Durante muito tempo – e mesmo nos dias atuais – houve a concorrência dos usuários de drogas, particularmente do crack. Arruinados pelo vício, incapazes de sustentar uma rotina convencional, os dependentes químicos encontram em atividades do gênero a oportunidade de acumular algum recurso para consumir droga. Quem acompanha o cotidiano da Feira de Santana sabe que esse grupo foi diminuindo, tragado pela espiral implacável da violência.

É dura a rotina de quem se aventura em ofícios desse naipe. Arrastam a minicarroça, curvam-se triando material, carregam o peso do produto selecionado, acomodam sobre o veículo, arrastam-no fazendo a tração, deslocam-se por extensos percursos até a periferia pobre onde armazenam a carga que, finalmente, será vendida no dia seguinte. Os magros trocados ajudam a ir sobrevivendo.

“As afamadas pontes para o futuro não passam de pinguelas para o passado.”
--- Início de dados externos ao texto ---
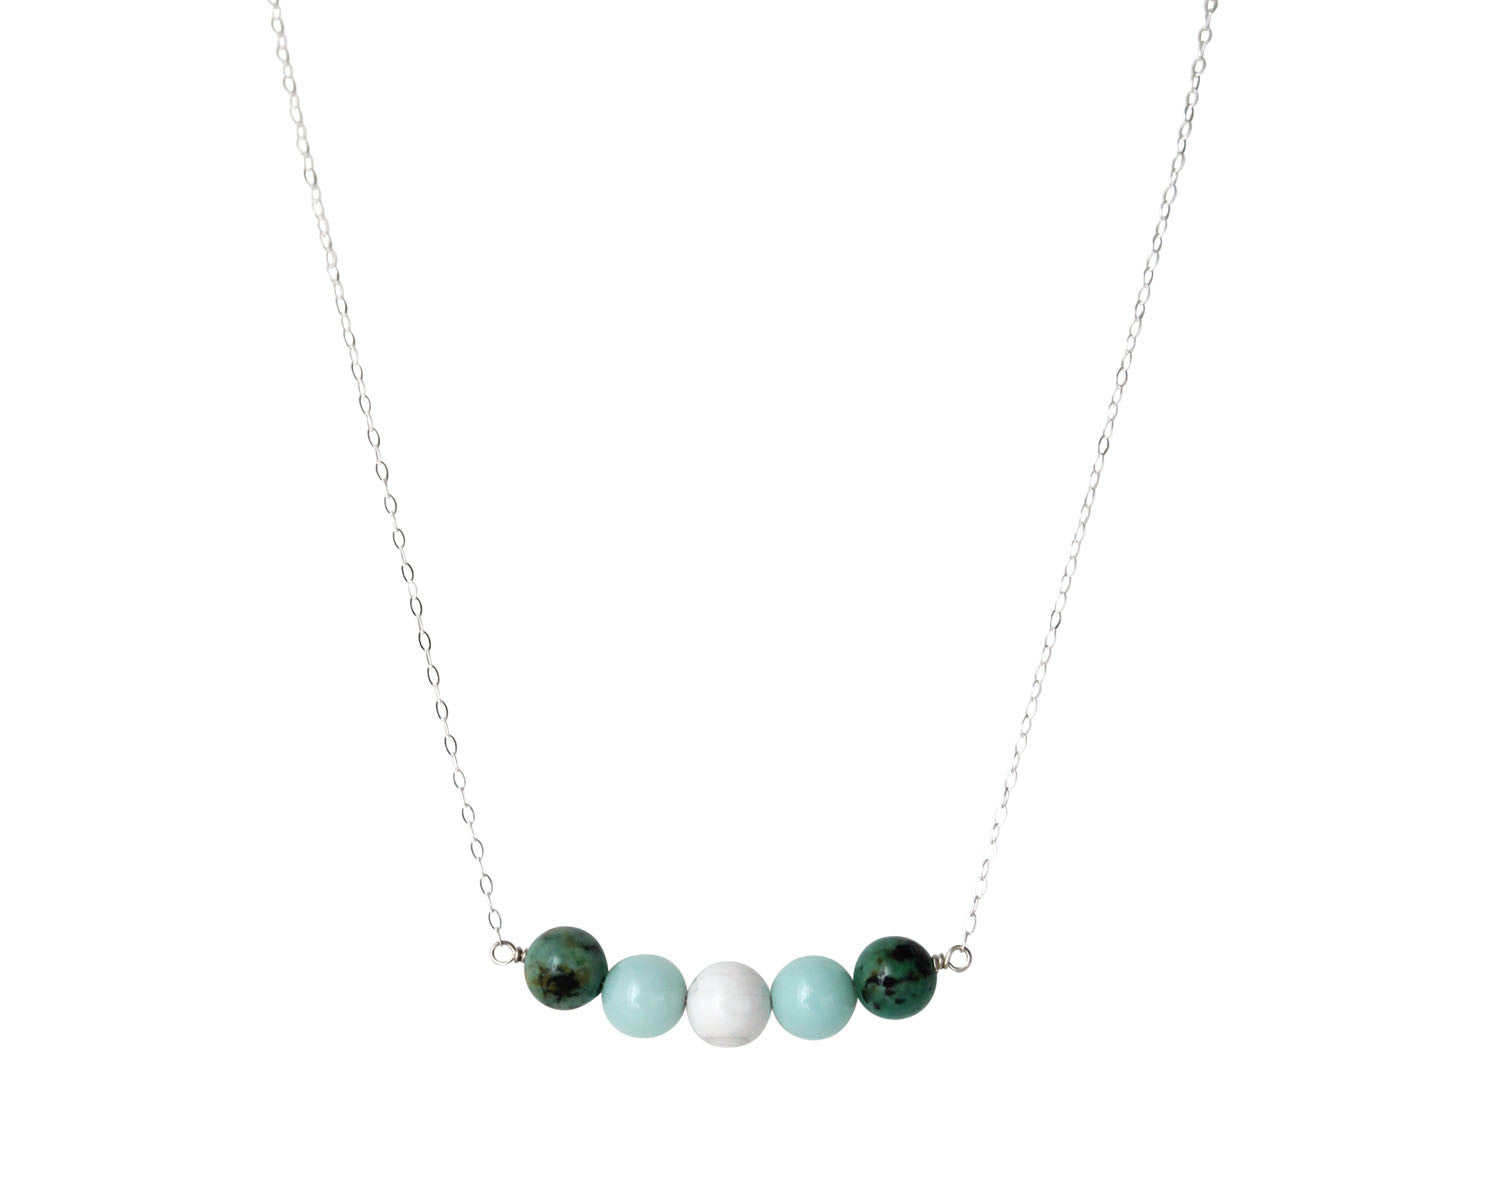 Focus Bliss Necklace

Por mais de uma década essa multidão de anônimos figurou na imprensa, robustecendo os números dos programas sociais, fomentando discussões sobre políticas públicas. De um ano para cá, estão sendo esquecidos. Só são mencionados quando se estima o impacto do Bolsa Família sobre o orçamento, ou o custo do direito do pobre de se aposentar pela Previdência oficial, daqui a algumas décadas.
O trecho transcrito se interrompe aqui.